What you are asked to do
The copy you give must match the listing below exactly and contain no pictures.

Information shown
- Opening Delimiter -

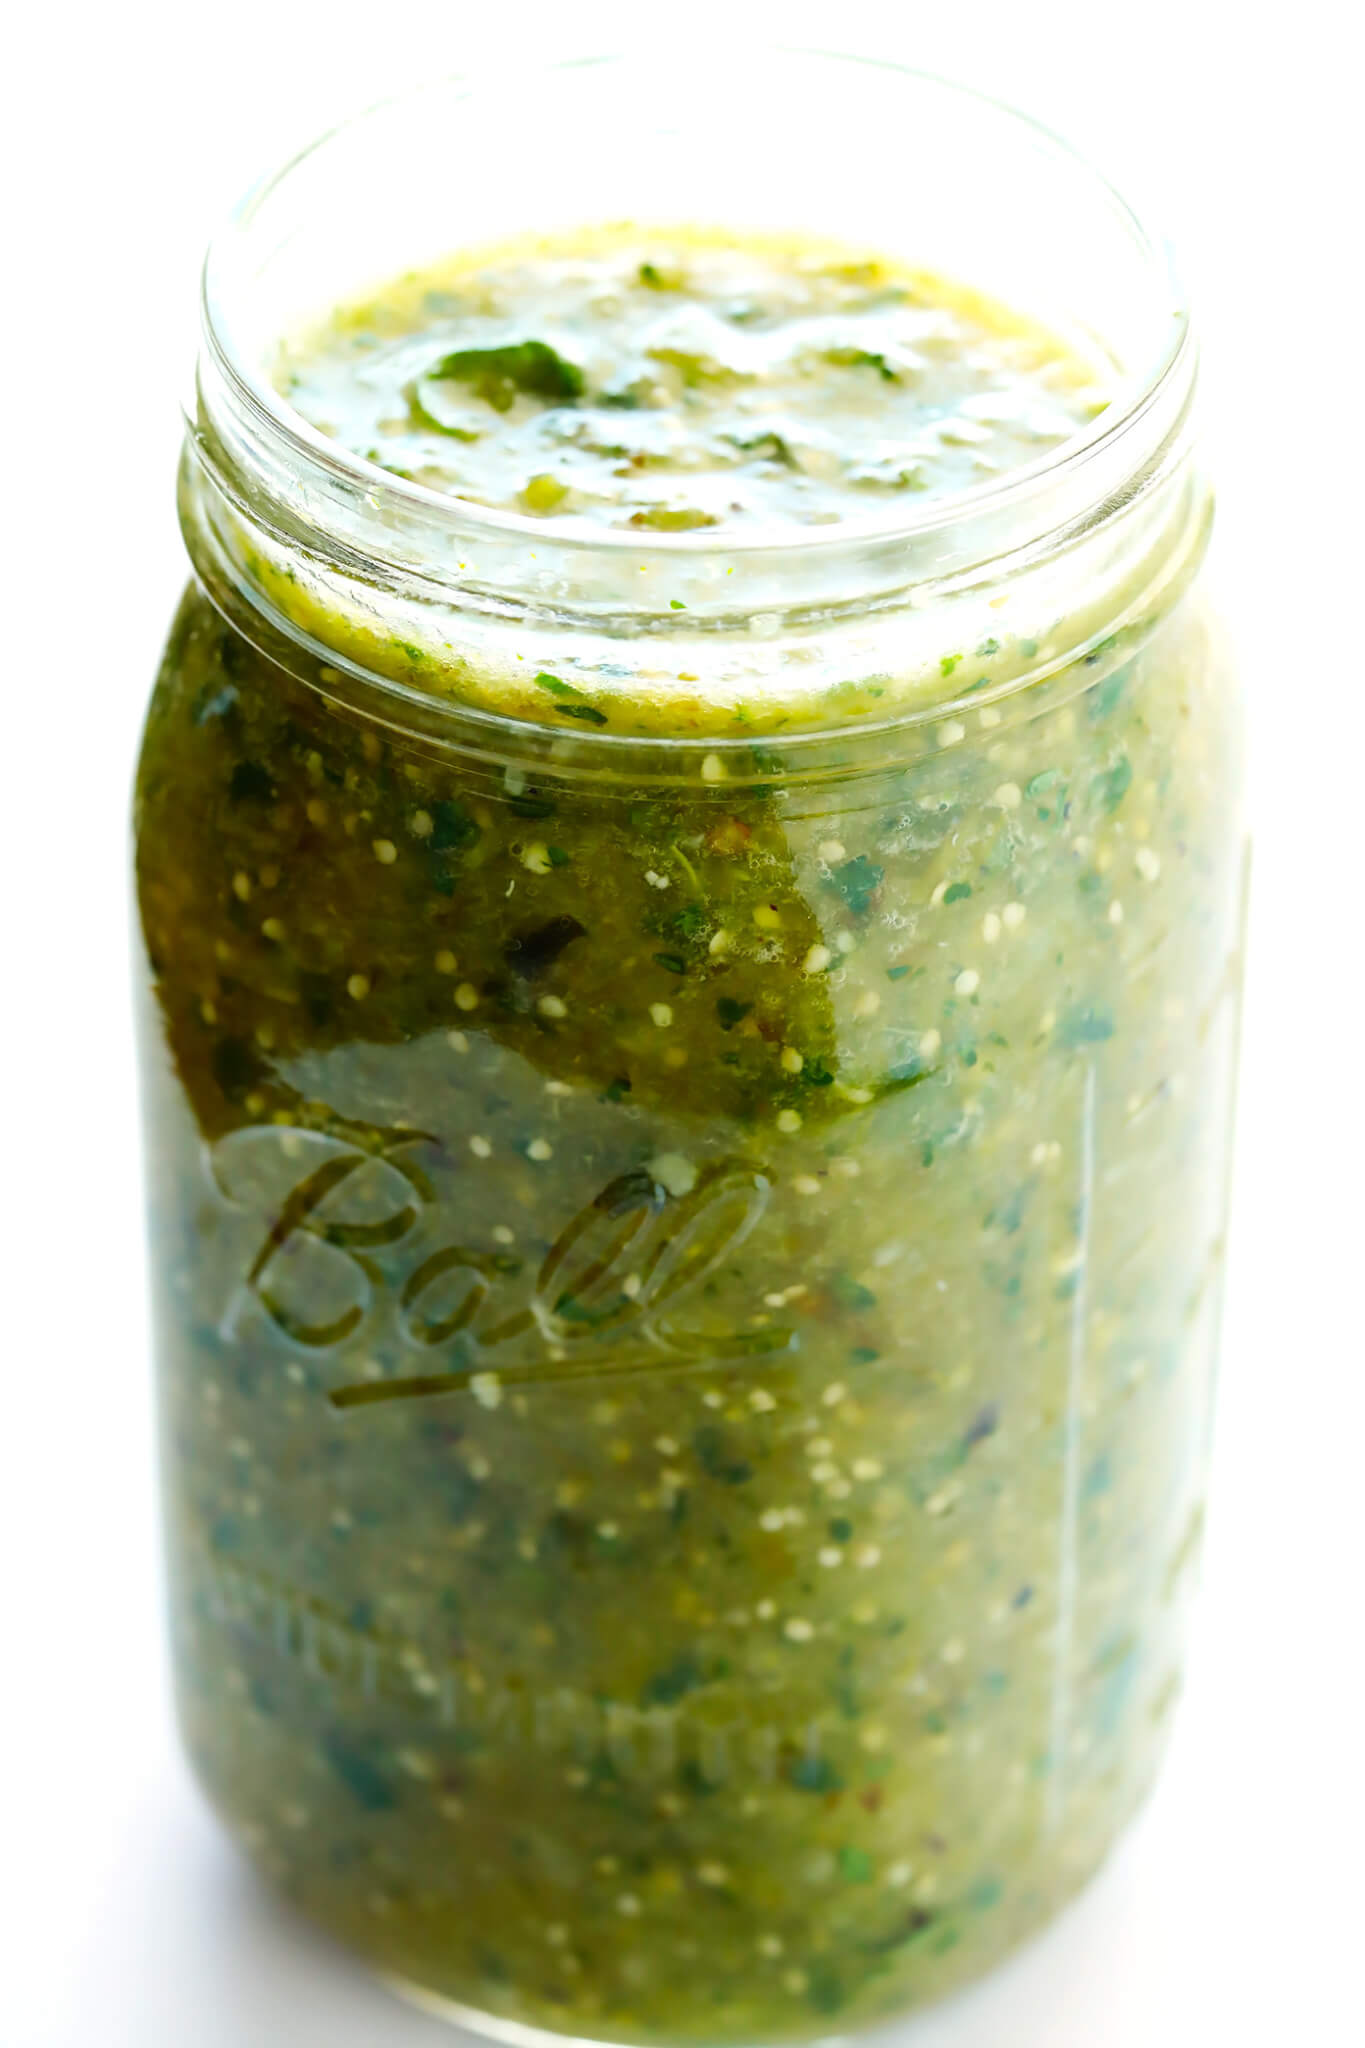 My favorite recipe for homemade Salsa Verde! It's quick and easy to make in the blender or food processor, it's made with fresh tomatillo, onion, cilantro, lime juice, cumin and garlic, and it's the perfect sauce to go with all of your favorite Mexican food! | gimmesomeoven.com (Gluten-Free / Vegetarian / Vegan)
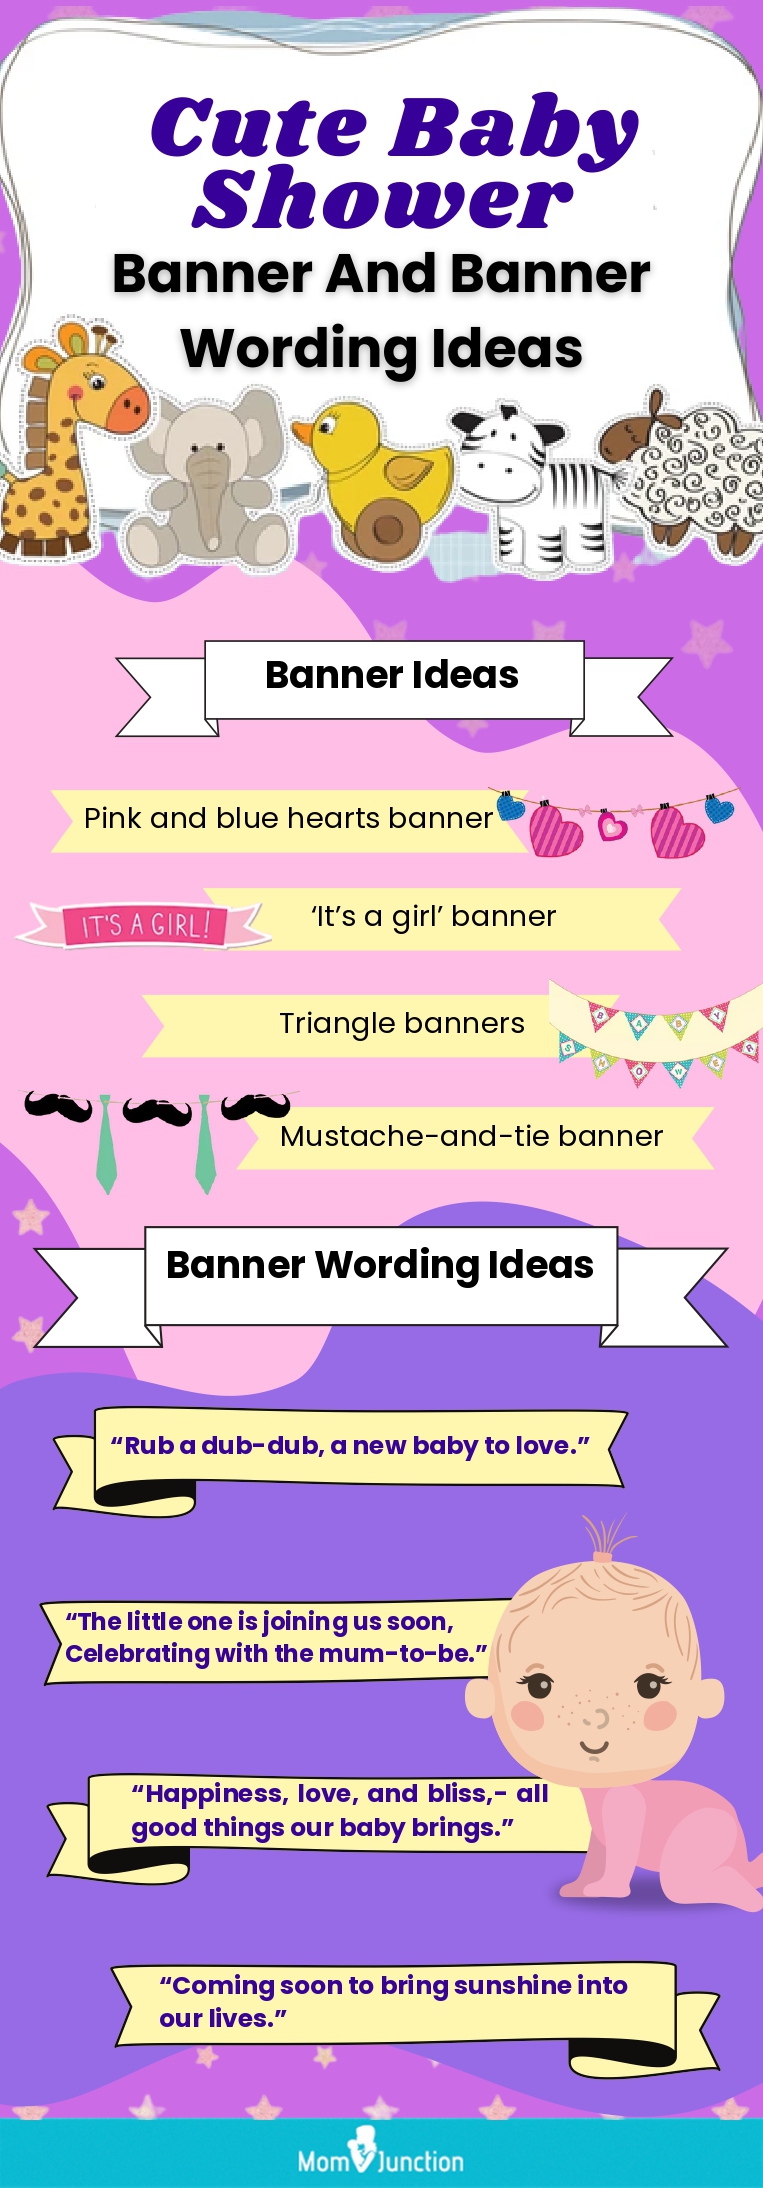 cute baby shower banner and banner wording ideas (infographic)
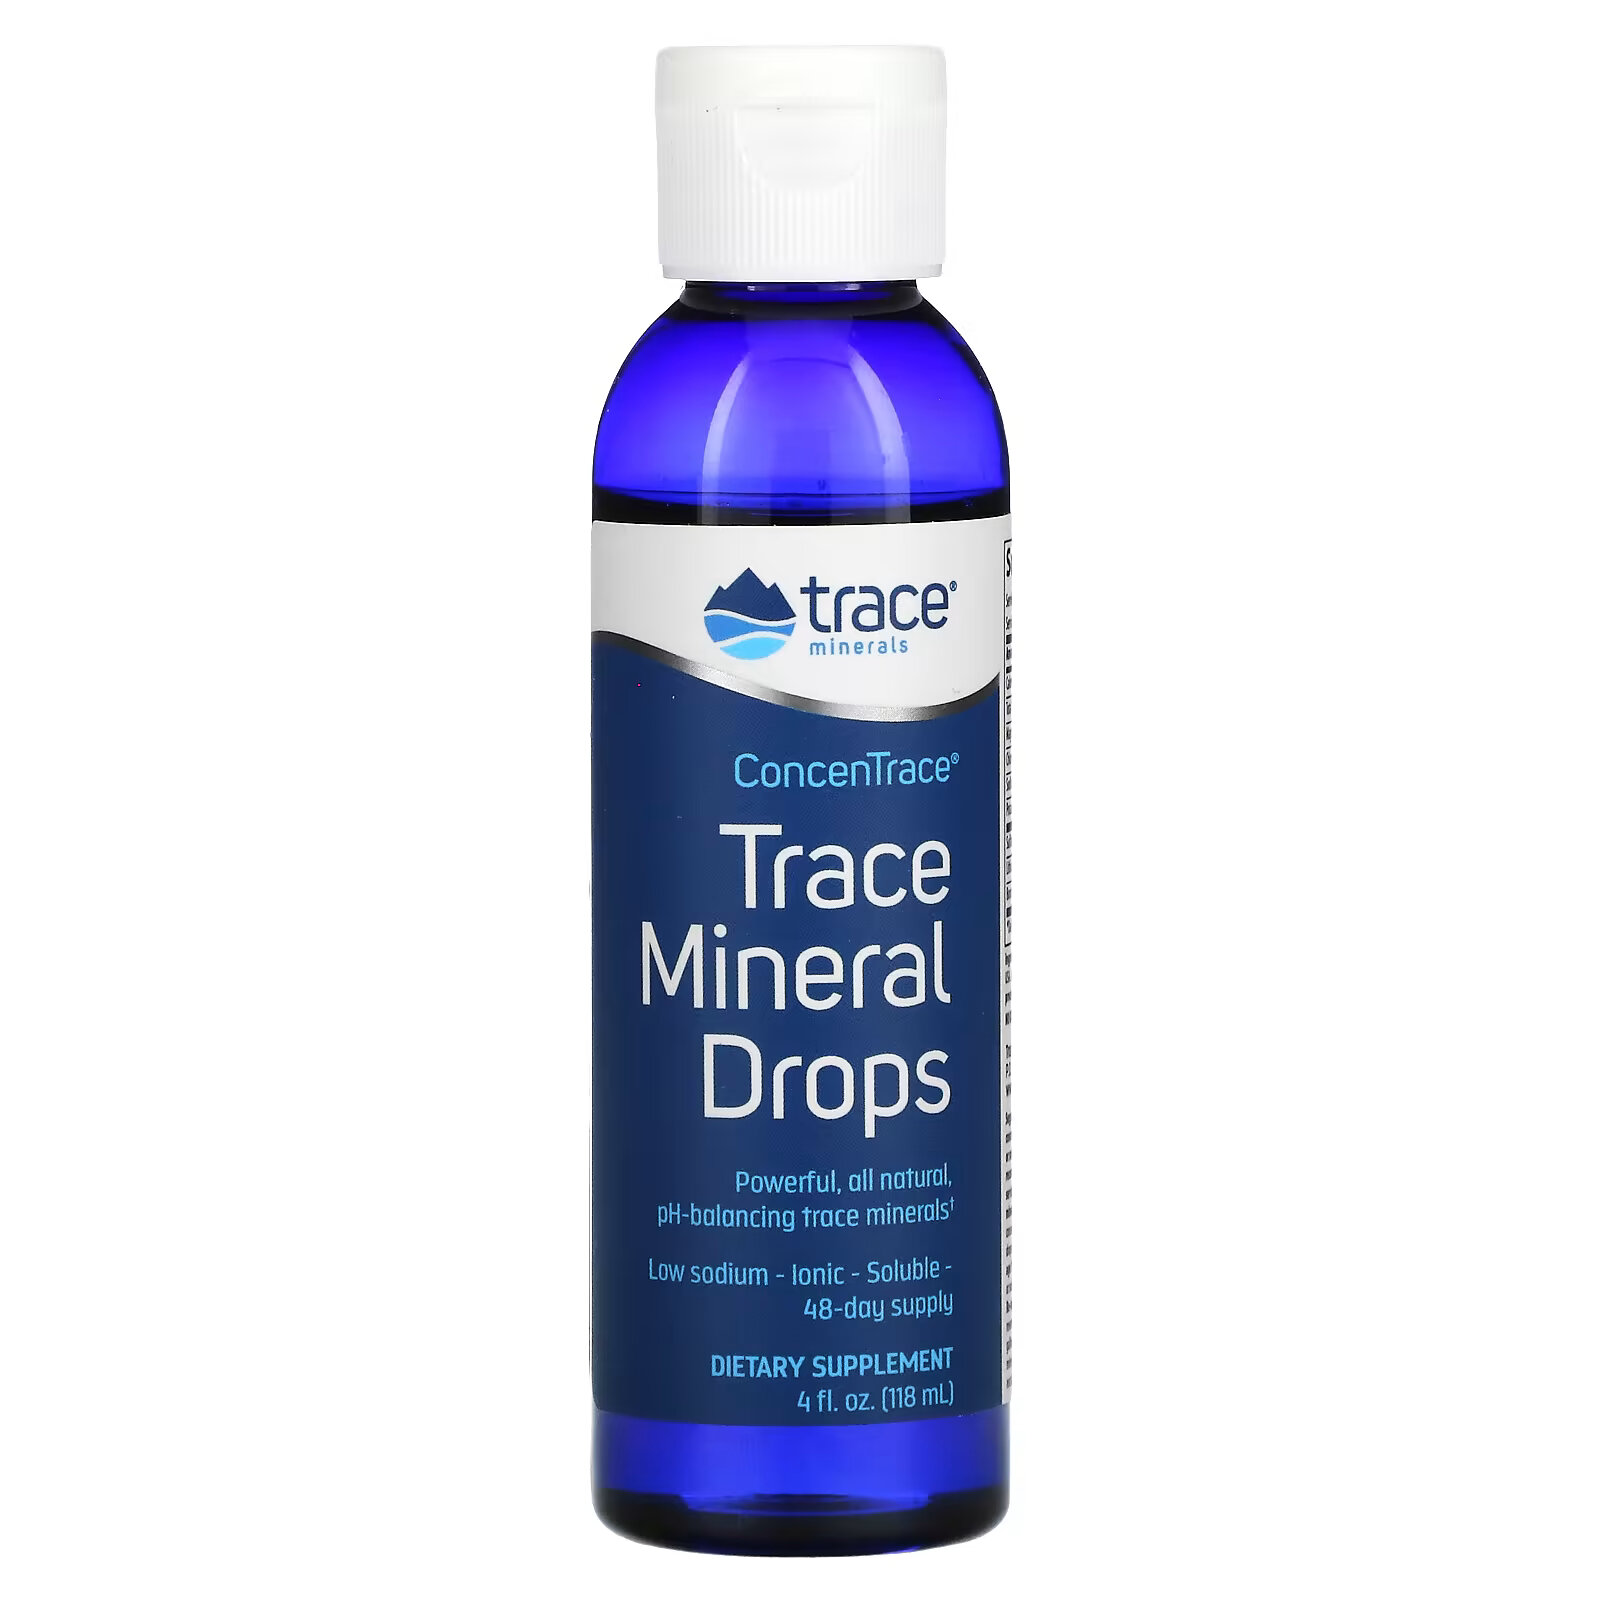 Trace Minerals ConcenTrace, капли с микроэлементами, 118 мл trace minerals research concentrace капли с микроэлементами 118 мл
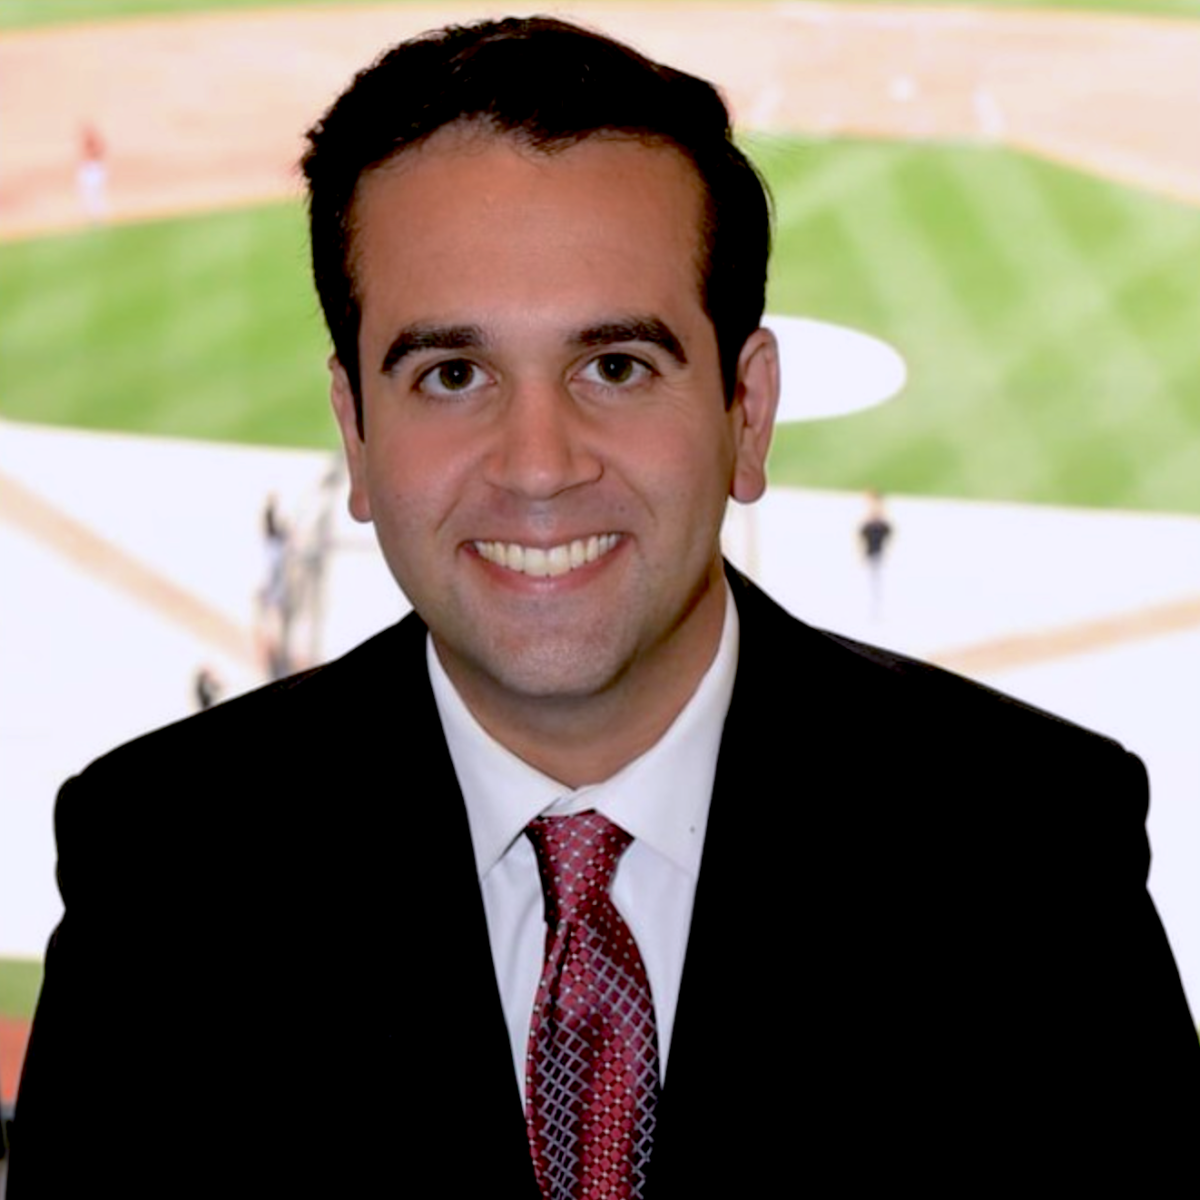 Man in a suit and tie smiles as he sits in a television booth above a baseball field

- Closing Delimiter -

Solution to the problem
 My favorite recipe for homemade Salsa Verde! It's quick and easy to make in the blender or food processor, it's made with fresh tomatillo, onion, cilantro, lime juice, cumin and garlic, and it's the perfect sauce to go with all of your favorite Mexican food! | gimmesomeoven.com (Gluten-Free / Vegetarian / Vegan)
 cute baby shower banner and banner wording ideas (infographic)
 Trace Minerals ConcenTrace, капли с микроэлементами, 118 мл trace minerals research concentrace капли с микроэлементами 118 мл
 Man in a suit and tie smiles as he sits in a television booth above a baseball field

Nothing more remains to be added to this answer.